Purpose: To evaluate the prevalence of retinal pigment epithelium (RPE) tears associated with anti-VEGF therapy and its relation with retinal pigment epithelial detachment (PED).
Methods: A total of 226 patients with exudative age-related macular degeneration treated with intravitreal anti-VEGF were included retrospectively in the study. The presence of RPE tears; the effect of the presence, height, and duration of PED on the rate of RPE tears; and change in visual acuity during follow-up were recorded.

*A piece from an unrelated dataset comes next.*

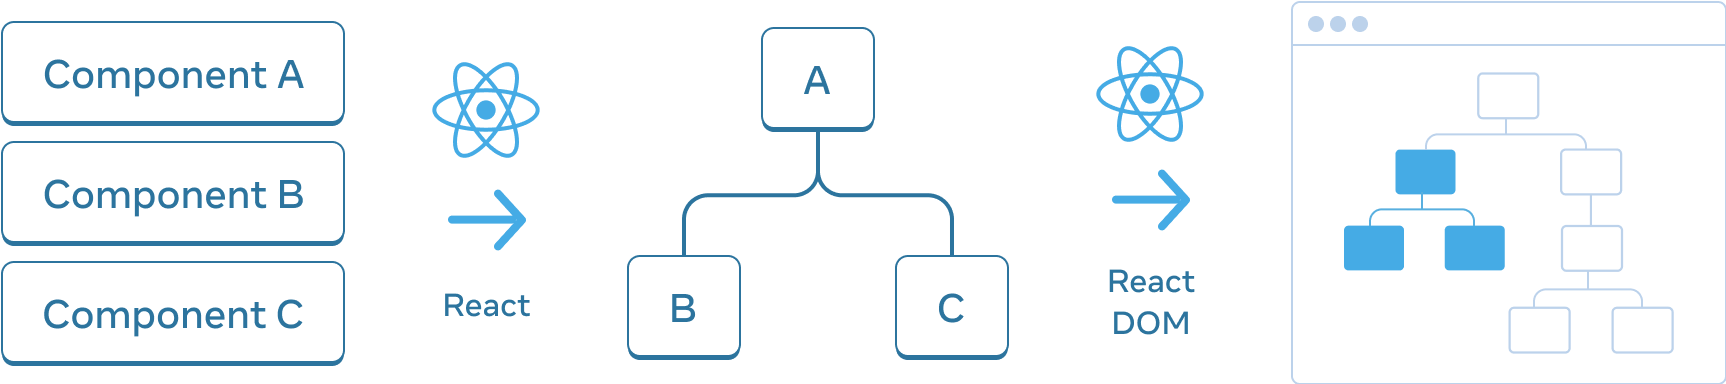 水平排列的三个部分的图表。第一部分有三个垂直堆叠的矩形，并分别标记为 Component A、Component B 和 Component C。向下一个窗格过渡的是一个带有 React 标志的箭头，标记为 React。中间部分包含一棵组件树，根节点标记为 A，有两个子节点分别标记为 B 和 C。下一个部分再次使用带有 React 标志的箭头进行过渡，标记为 React DOM。第三和最后一个部分是浏览器的线框图，包含一棵有 8 个节点的树，其中只有一个子集被突出显示（表示中间部分的子树）。
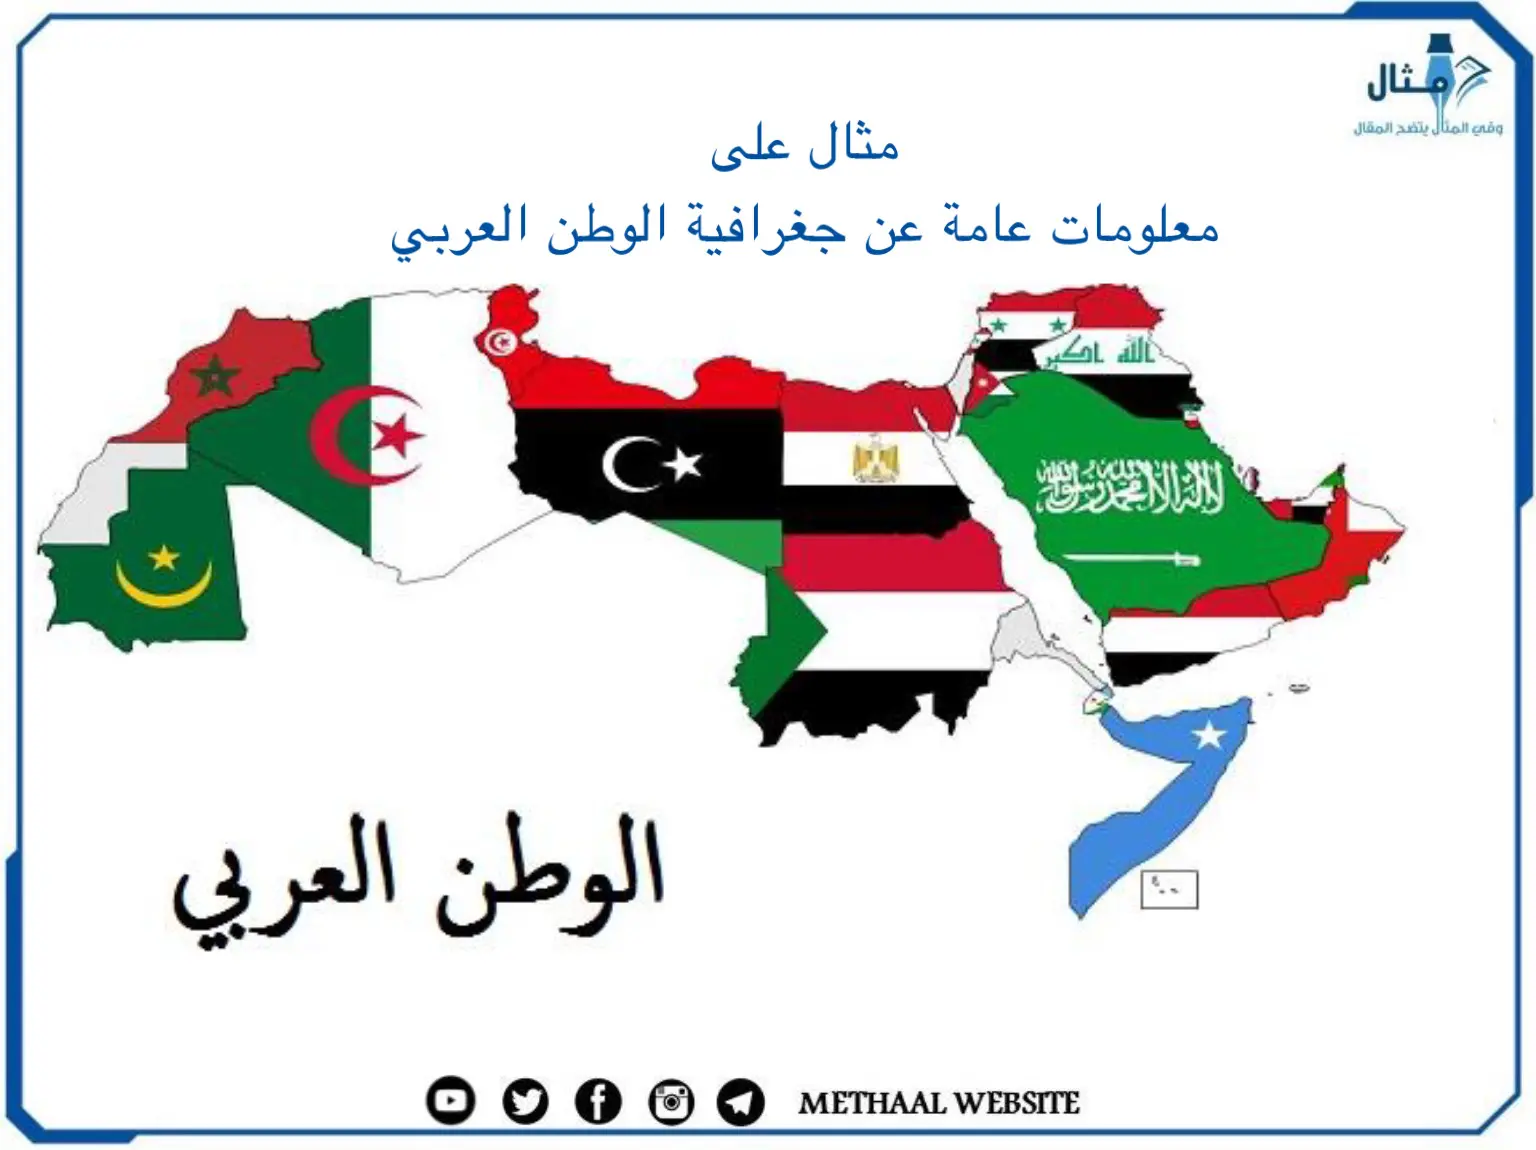 مثال على معلومات عامة عن جغرافية الوطن العربي

Results: Among 226 study patients, 28 (12.3%) had RPE tears. The RPE tear rate was significantly higher in patients with vascularized PED (vPED) than in those without PED (19.7% vs. 2.1%; P < 0.001). The change in visual acuity after the formation of RPE tear was not statistically significant (on logMAR scale: 0.92 ± 0.49 initially, 0.89 ± 0.41 after the RPE tear, 0.96 ± 0.45 at the last follow-up; P = 0.613). Pigment epithelial detachment height >580 μm (odds ratio = 69.4; 95% confidence interval = 16.7–288.1) and PED duration ≤4.5 months (odds ratio = 166.7; 95% confidence interval = 15.2–1000) were found to be significant risk factors for RPE tear formation.
Conclusion: The RPE tears are not infrequent among eyes treated with intravitreal anti-VEGFs. The presence, increased height, and shorter duration of vPED are potential risk factors for RPE tears associated with anti-VEGF therapy.